Modular npm packages for mobile device video streaming and control — iOS simulators, iOS physical devices, and Android devices.
| Package | Description | Platform |
|---|---|---|
| @device-stream/core | Shared types, interfaces, and utilities | All |
| @device-stream/ios-simulator | iOS Simulator streaming via ScreenCaptureKit + polling | macOS |
| @device-stream/ios-device | iOS physical device streaming via WDA MJPEG | macOS |
| @device-stream/android | Android streaming via TangoADB + scrcpy | All |
| @device-stream/android-server | On-device HTTP server for fast Android control | All |
| @device-stream/agent | LLM agent intelligence layer — navigation graphs, skeleton fingerprinting, compact state | All |
| @device-stream/stream-only | Stream device screens to browsers via WebSocket — no control APIs | All |
| Dependency | Version | Install |
|---|---|---|
| Node.js | >= 18.0.0 | nodejs.org or nvm install 18 |
| npm | >= 9 | Included with Node.js |
| TypeScript | >= 5.3 | Installed as devDependency |
| Dependency | Version | Install | Purpose |
|---|---|---|---|
| ADB | Latest | Android SDK Platform-Tools | Device communication |
| Android SDK | API 28+ | Android Studio or sdkmanager |
ANDROID_HOME must be set |
| Java / JDK | 17+ | brew install openjdk@17 or adoptium.net |
Gradle build for android-server |
| scrcpy server | 3.3.1 | Auto-fetched via fetch-scrcpy-server postinstall |
H.264 streaming |
| Dependency | Version | Install | Purpose |
|---|---|---|---|
| Xcode | 15+ | Mac App Store | xcrun simctl, xcodebuild |
| Xcode CLI Tools | Latest | xcode-select --install |
Command-line build tools |
| Appium | Latest | npm install -g appium |
WebDriverAgent host |
| Appium XCUITest | Latest | appium driver install xcuitest |
WDA for simulator control |
| Swift (optional) | 5.9+ | Included with Xcode | Build sim-capture tool |
| Dependency | Version | Install | Purpose |
|---|---|---|---|
| go-ios | Latest | brew install go-ios |
USB communication + port forwarding |
| WebDriverAgent | Latest | Signed & installed on device | Automation + MJPEG stream |
| qvh (optional) | Latest | Build from source | H.264 QuickTime fallback |
cd device-stream
# Install dependencies
npm install
# Build all TypeScript packages
npm run build
# Build sim-capture for iOS Simulator (macOS only, optional)
npm run build:sim-captureThe simplest way to get started — stream device screens with zero control APIs:
import { createStreamServer } from '@device-stream/stream-only';
const server = await createStreamServer({ port: 3456 });
// List available devices (Android + iOS Simulator)

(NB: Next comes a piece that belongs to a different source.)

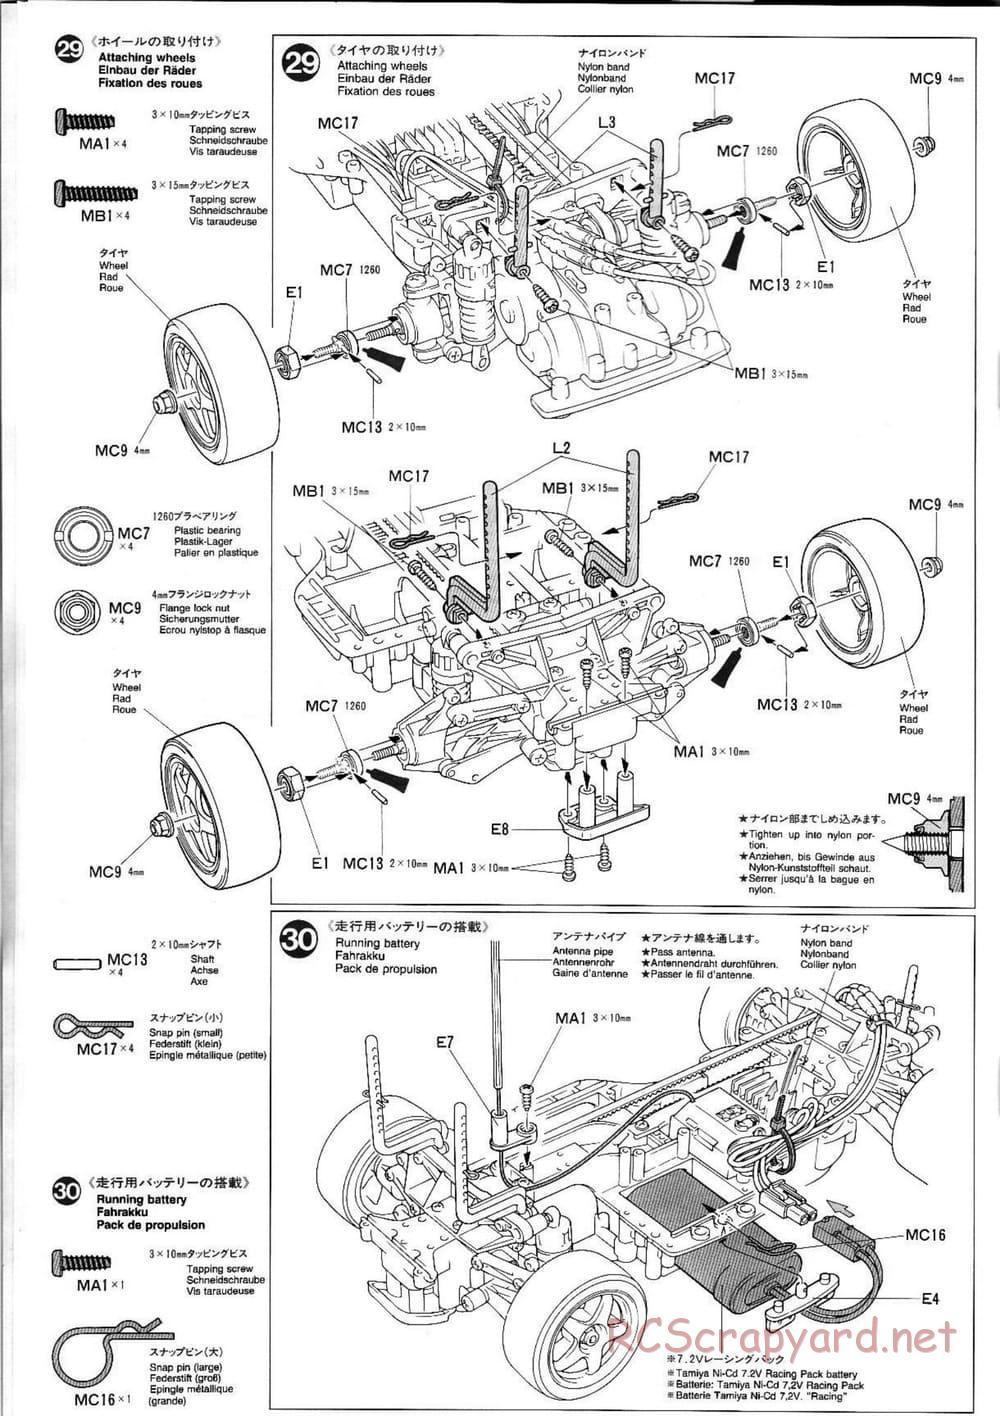 Tamiya - Mitsubishi Lancer Evolution V WRC - TA-03F Chassis - Manual - Page 16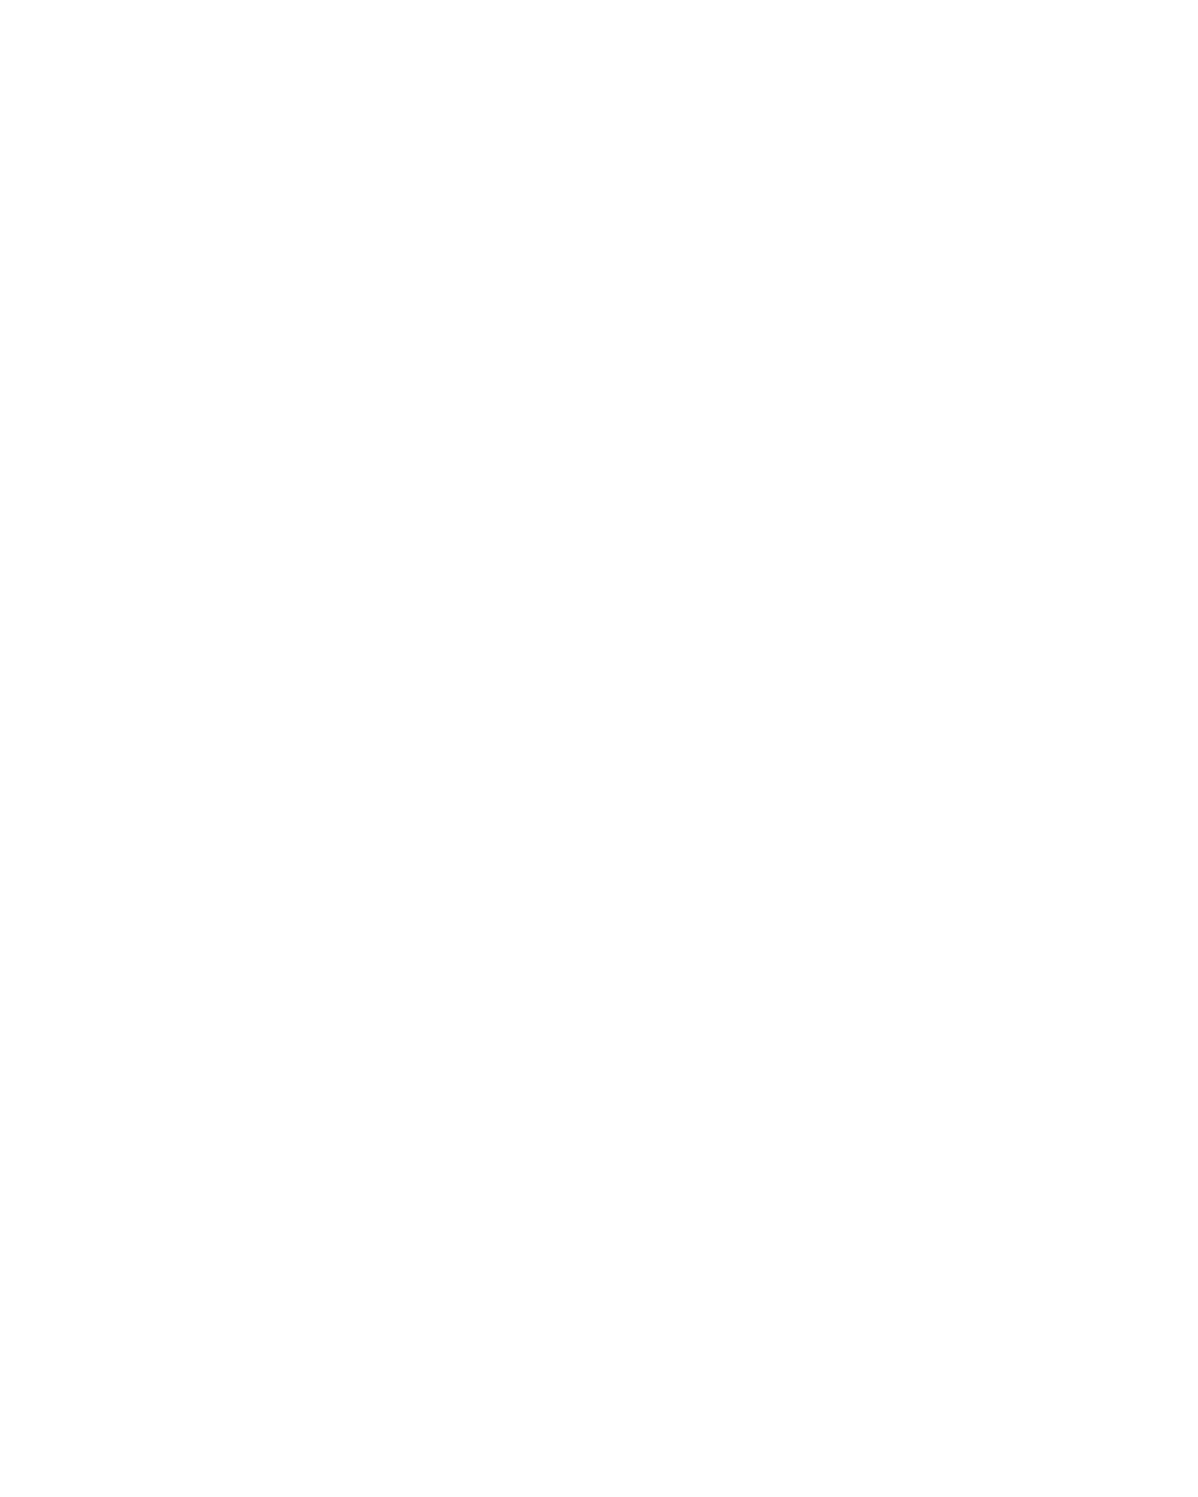 Far Eastern New Century logo pour fonds sombres (PNG transparent)

const devices = await server.listDevices();
// Start streaming a device
await server.startStream(devices[0].serial);
// Browsers connect via WebSocket at /stream/{serial}
// REST: GET /devices returns available devices as JSONSupports Android (H.264 via scrcpy) and iOS Simulator (MJPEG via ScreenCaptureKit). See docs/stream-only.md for full API reference.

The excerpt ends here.